I coughed under my breath, my ears going down low and the fur on my back raising up. Loud as I could, I returned, "I'm sorry." The next was little more than a muttered, "Glad to have met." So maybe I couldn't let an apology go with perfect authenticity, but... I get points for trying, right?

She'd live. Somehow, she would. If I found a way through shit, then there was nothing left to say within the boundaries of explanation as to how she could as well. Put simply: she could make it. Busser's a nice and easy job to get one's feet on the ground. Plenty of potential there. Shoot for the stars.

With that on my conscience, I turned away from her; south, that was what she said. South it would be, then. South was where the menagerie was--all it would take was a bit of elbow grease to find the precise location, and I'd be free to get my answers. I felt my cheek again and pulled away at the touch of light blood from my touchdown, then rubbed what was caught between two fingers and shook my hand. The scrape there was practically throbbing.

You seem awfully proud of yourself. Conceited, even.

"Heh.

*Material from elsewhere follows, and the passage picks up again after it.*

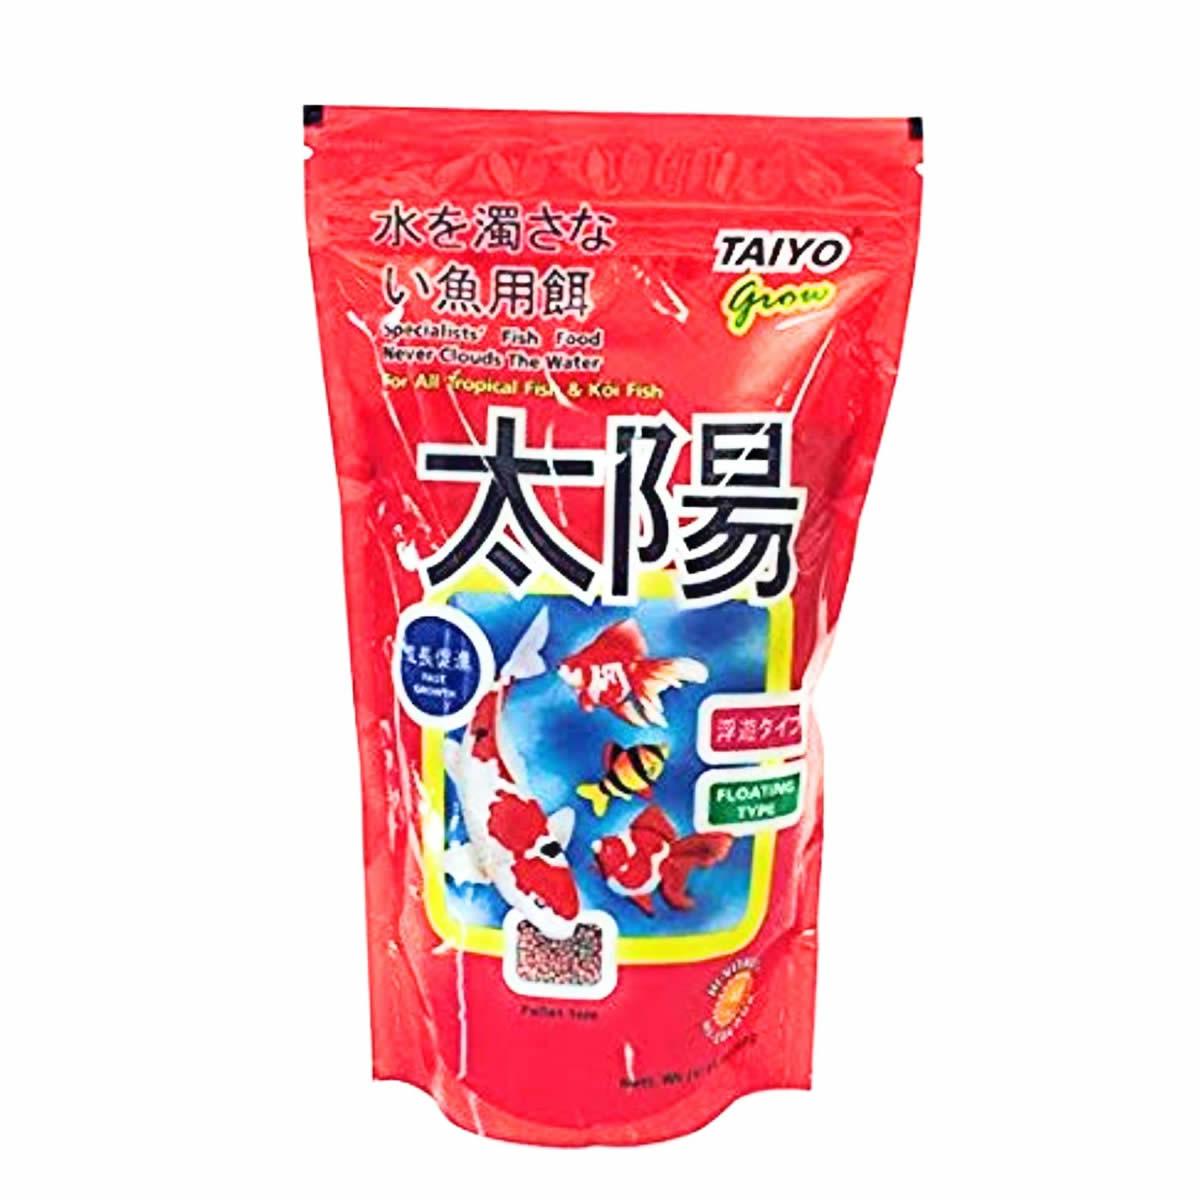 Taiyo Mixed Food Pouch 500g

When haven't I been?" I said to the open air, spreading my arms wide before crossing them. Samantha did not hear me. "This is what I've been waiting for. I have no hopes but the best."

Tevassa was quiet. And yet, I lied: there were many things I'd wished I hadn't come to learn. I did not at all know what to hope for yet. My prior suspicions had been all but confirmed--that I was the way I was because I hadn't grown up around my own kind as a social creature, which ended up backfiring and making me such a baleful son of gun. It wasn't all written in stone, though. I still had to go and find out myself. It was my last option.

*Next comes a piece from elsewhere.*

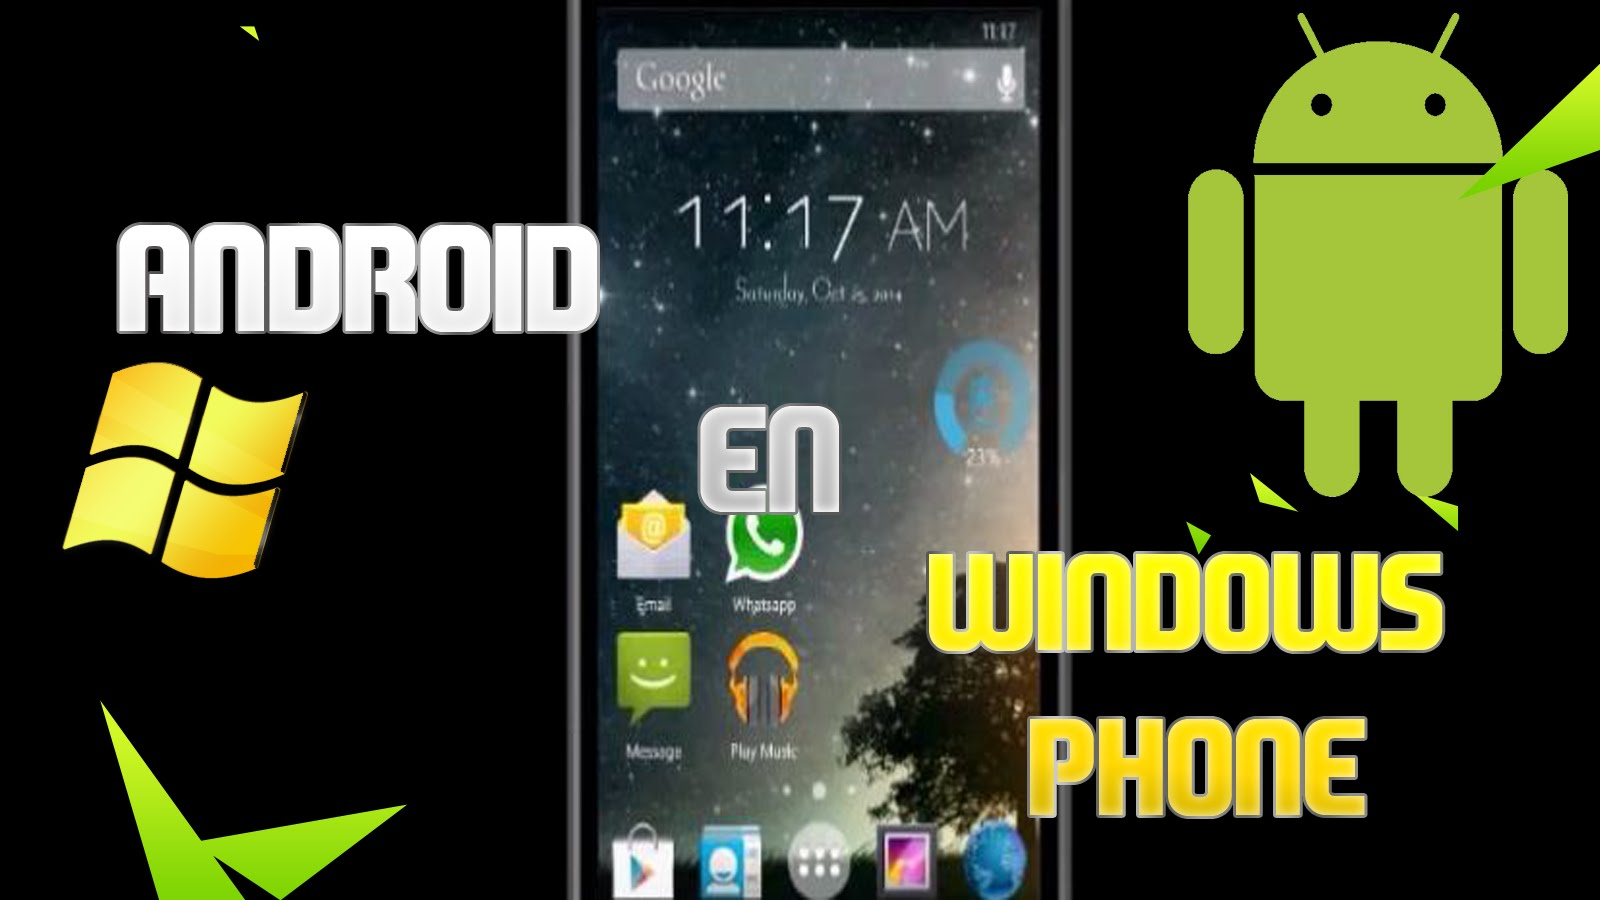 emulador-de-android-para-windows-phone-8-1

However, a few more moments of deliberation numbed me to the shadow that came from behind until it was completely atop me. I twirled around, kicking up the tiniest of dust at my feet. Samantha had knelt to half her height and begun to loom over me with a loom to end all looms.

Glistening rubies filled with repentance glossed over my form again from a poorly-inferred mile above, blotting out the sun behind the nervously grinning face thereof. Looking up was not just possible without going blind now, but rewarding. Hints of carnivorous teeth protruded from her parting lips--but they weren't terrifying now. I might even say they were kinda cute.

"Pardon?" I asked, still ready to bolt. "You again--what do you want?"

But I didn't run. There's... a lot to be said for 'charm', that aspect of a person or demeanor that makes you want to tarry in its presence. And she had that in spades, in her eyes, coming from her gentle movements, and all catalyzed by an overwhelming sense of pity rising in my gut. She was doing her best to make it clear her intentions had changed, enough that she approached so carefully so as not to scare me off or ruffle my feathers in any manner of speaking. Then her eyes flickered about, likely not really sure if what she was doing the right thing after all.

Samantha remained so charming, disarming, and strangely lamentable--and maybe she had heard my half-assed apology after all. So I stayed, and waited.

The feline at last found proper words. "You've been standing there for at least five minutes." Her hand craned down beside me again and landed palm-down like a spider, training my gaze lower as it fell and to the serpentine tail flicking anxiously between her bent legs. Her fingers bent at the middle joints, clenching the earth as if trying to rip up a chunk.

It was like she somehow wanted to make up for something, her way of returning the favor for what she had almost done to me. Her other free hand came and, despite my brief cringe, all it did was gently dab a finger's pad on my cheek and wipe the blood off. I looked into her eyes again.

"What of it?"

She took a deep breath. "You... don't know how to get back, do you?"